Data excerpt ▸
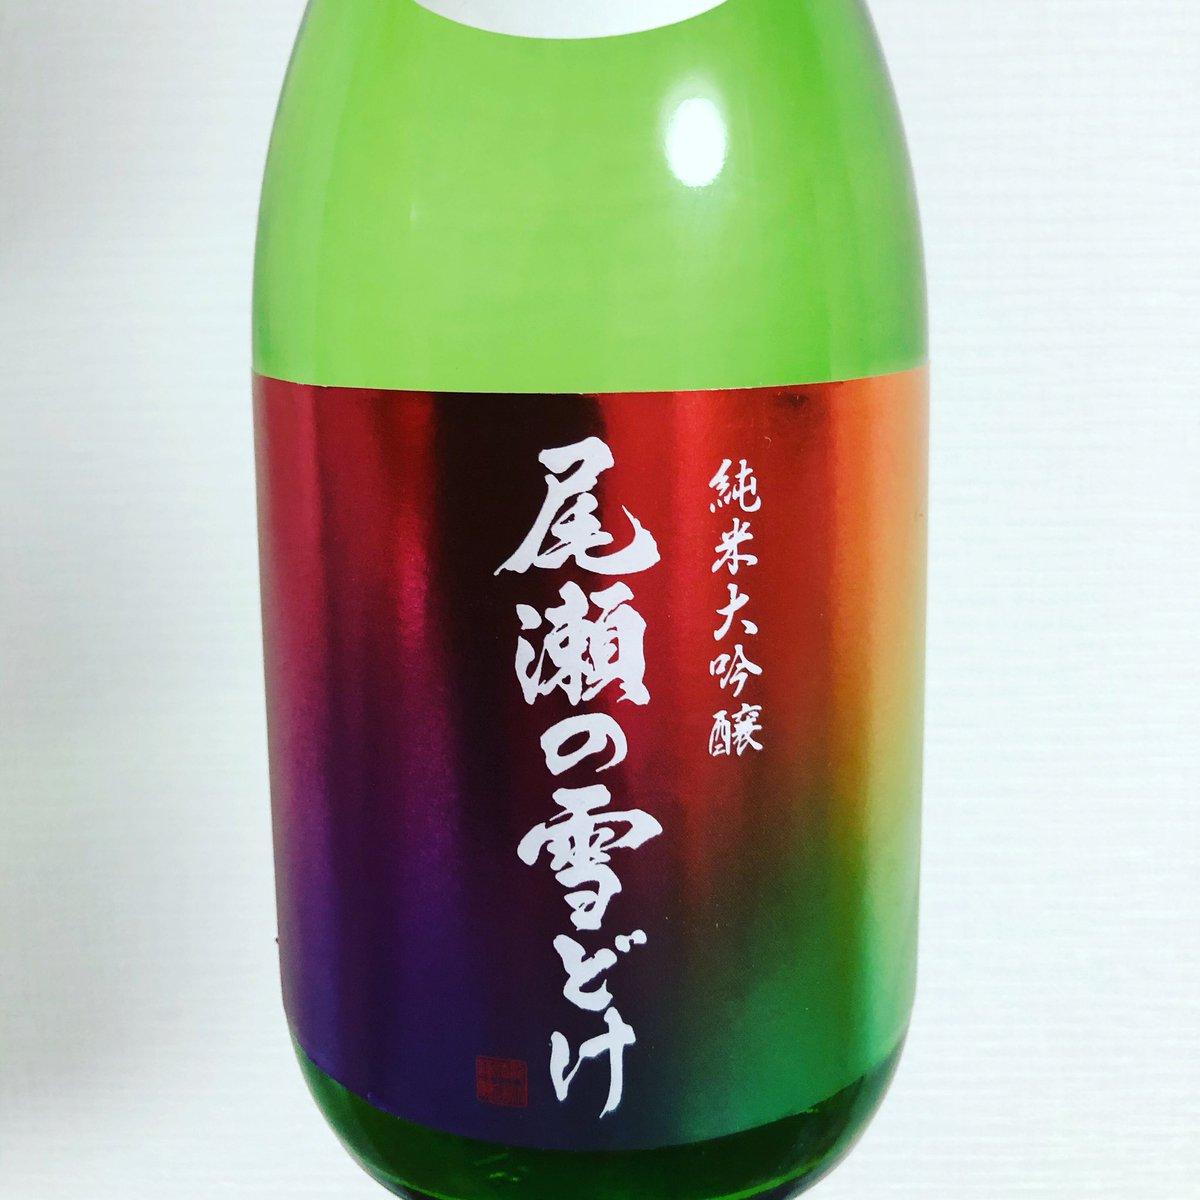 test ツイッターメディア - 日本酒全国制覇29県目  群馬県 龍神酒造 尾瀬の雪どけ 純米大吟醸  これまた非常に好みのフルーティー日本酒でした。 https://t.co/G9YaTmSMBC
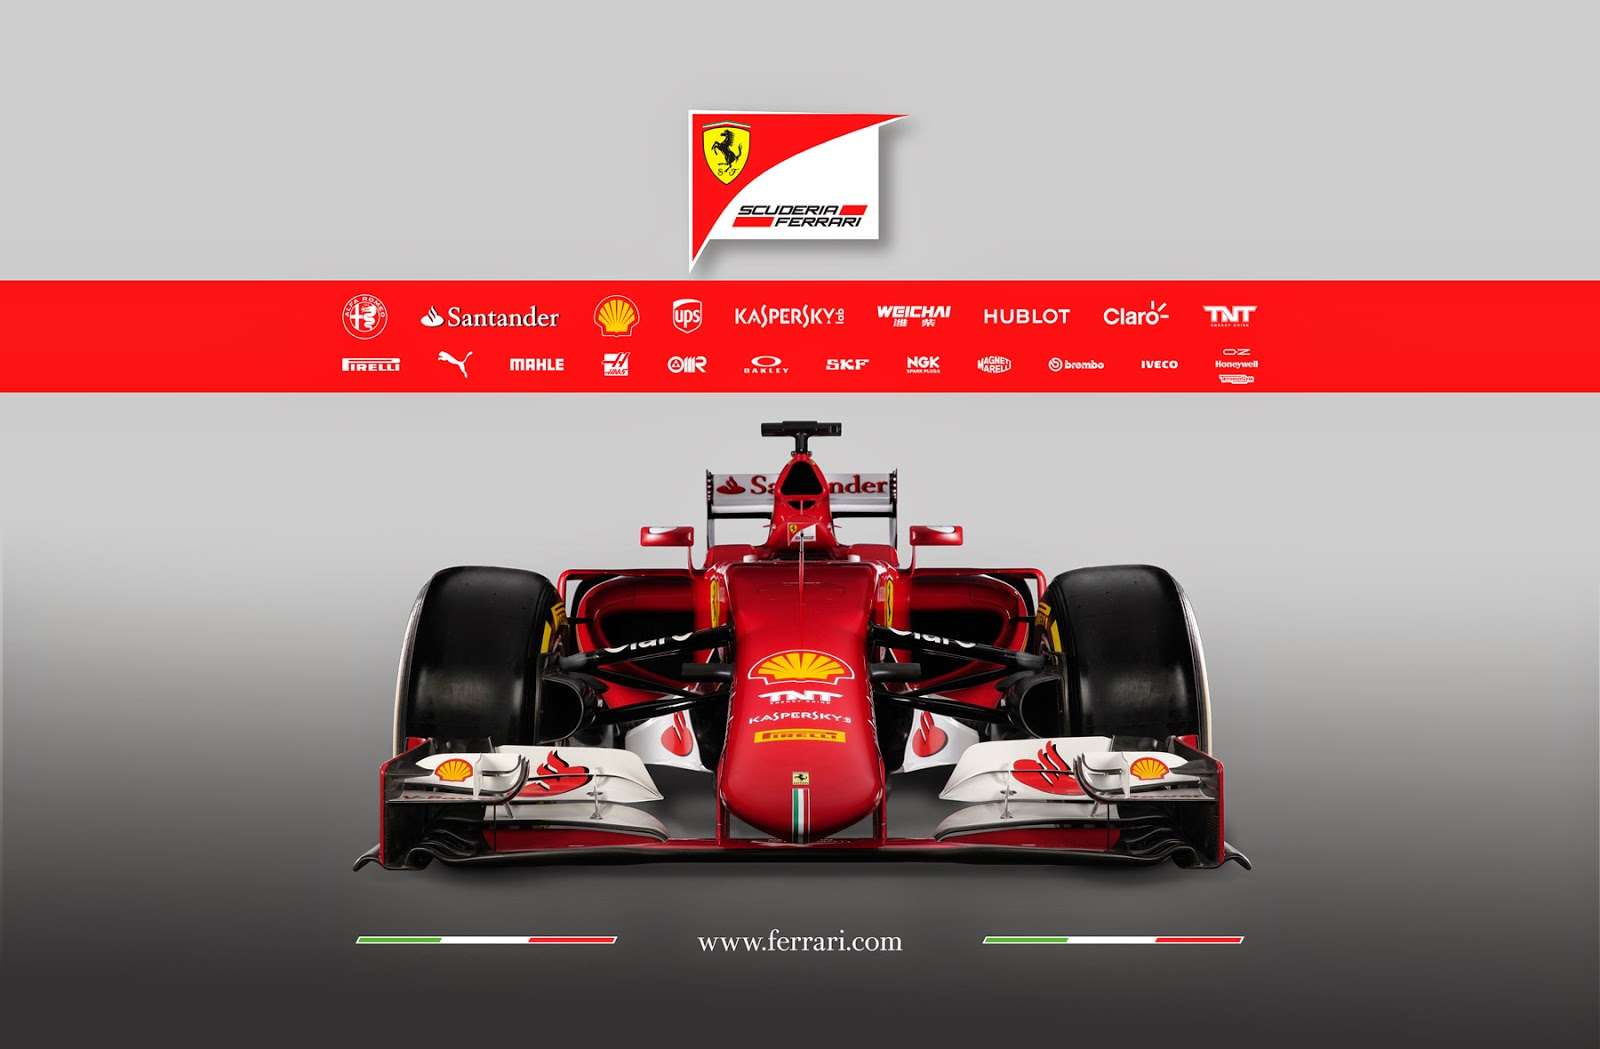 49 F1 2015 Wallpaper On Wallpapersafari
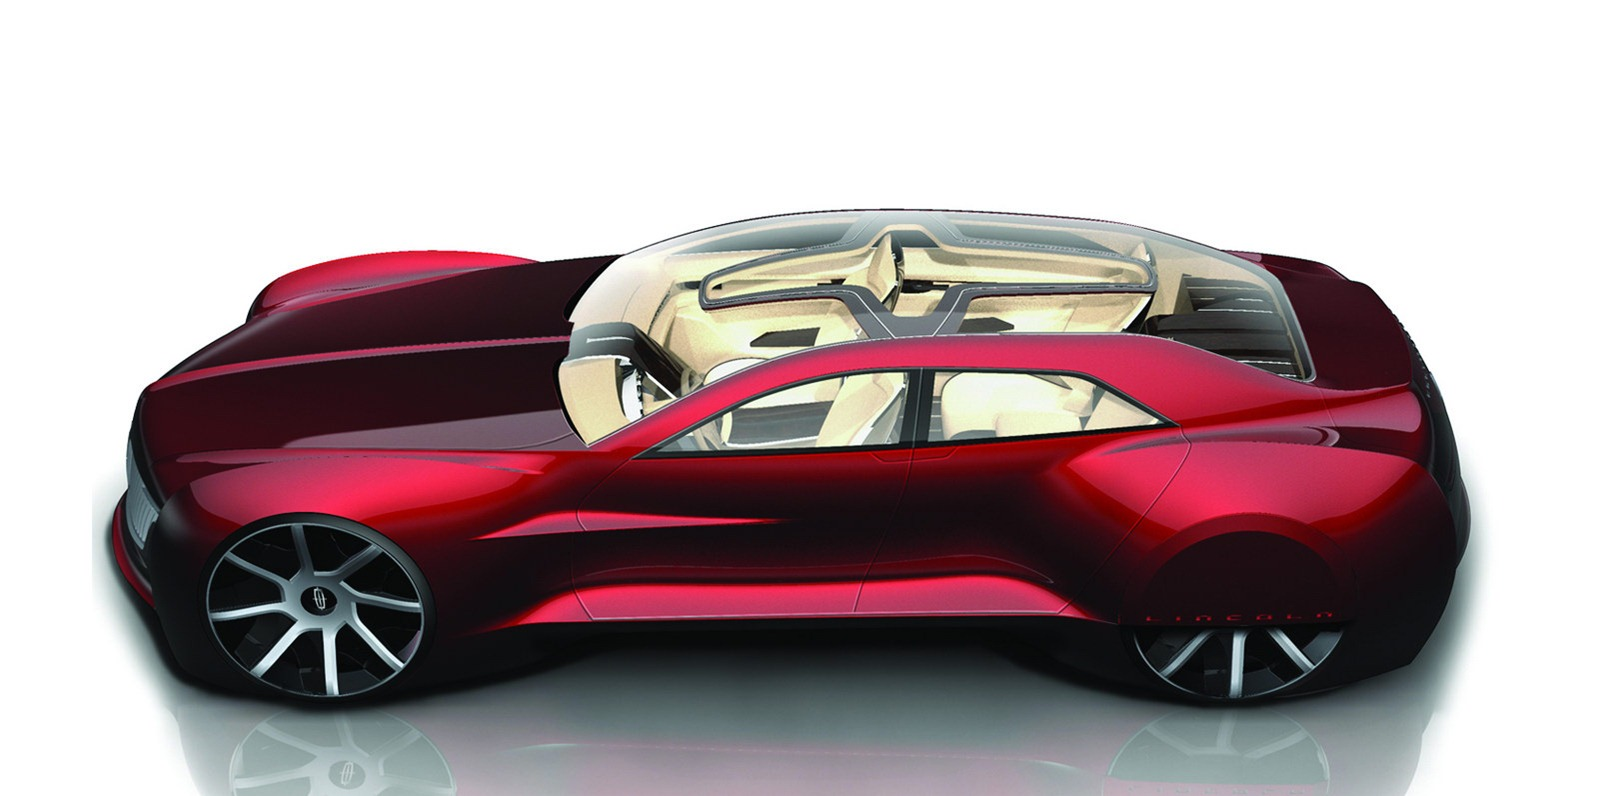 2025 Lincoln Continental Concept | AmcarGuide.com ...
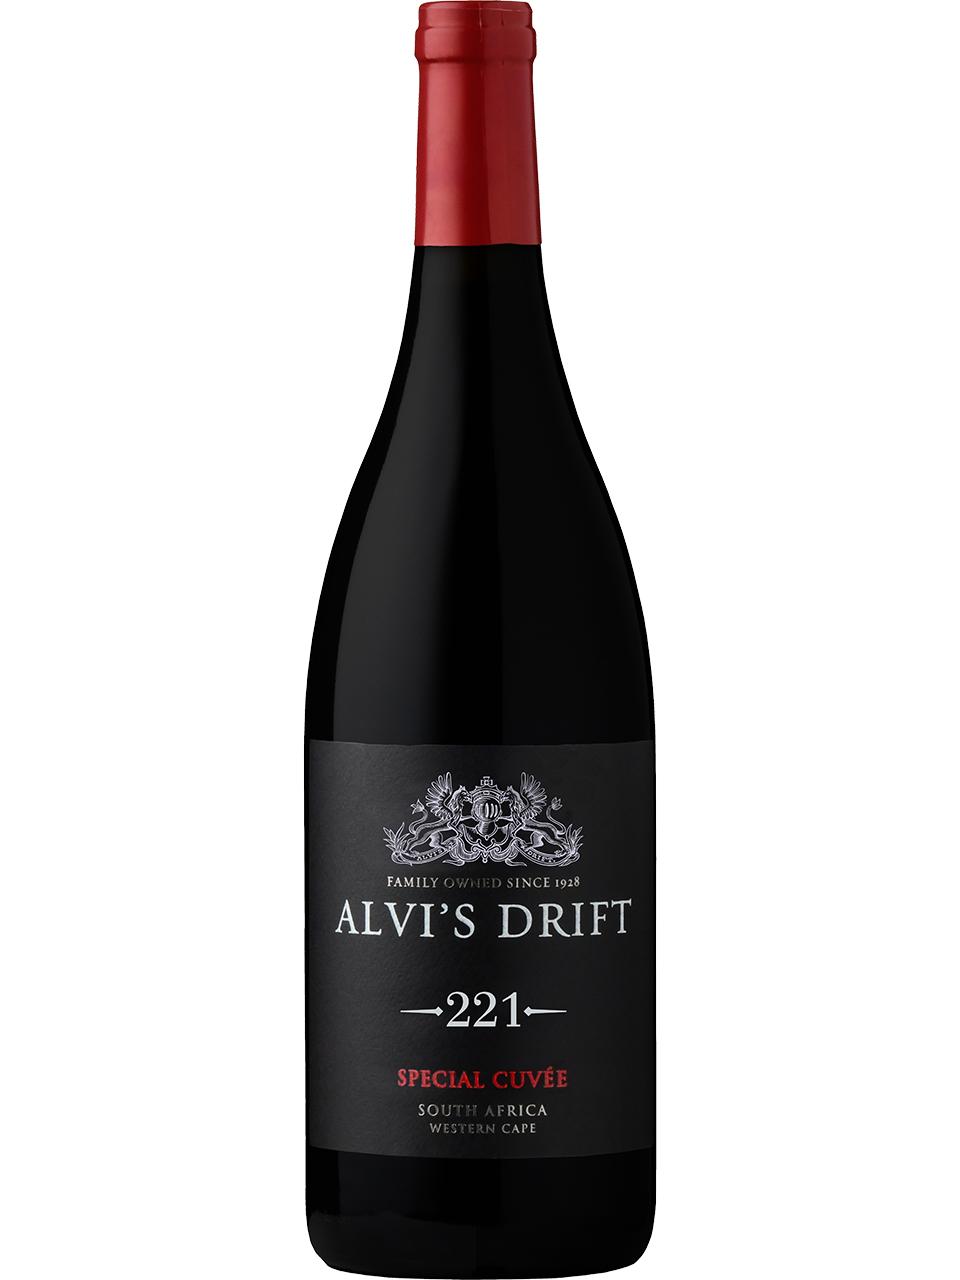 Alvi's Drift 221 Special Cuvee

About this task ▸
Return the whole listing word for word, minus its pictures.

Reply to the exercise ▸
 test ツイッターメディア - 日本酒全国制覇29県目  群馬県 龍神酒造 尾瀬の雪どけ 純米大吟醸  これまた非常に好みのフルーティー日本酒でした。 https://t.co/G9YaTmSMBC
 49 F1 2015 Wallpaper On Wallpapersafari
 2025 Lincoln Continental Concept | AmcarGuide.com ...
 Alvi's Drift 221 Special Cuvee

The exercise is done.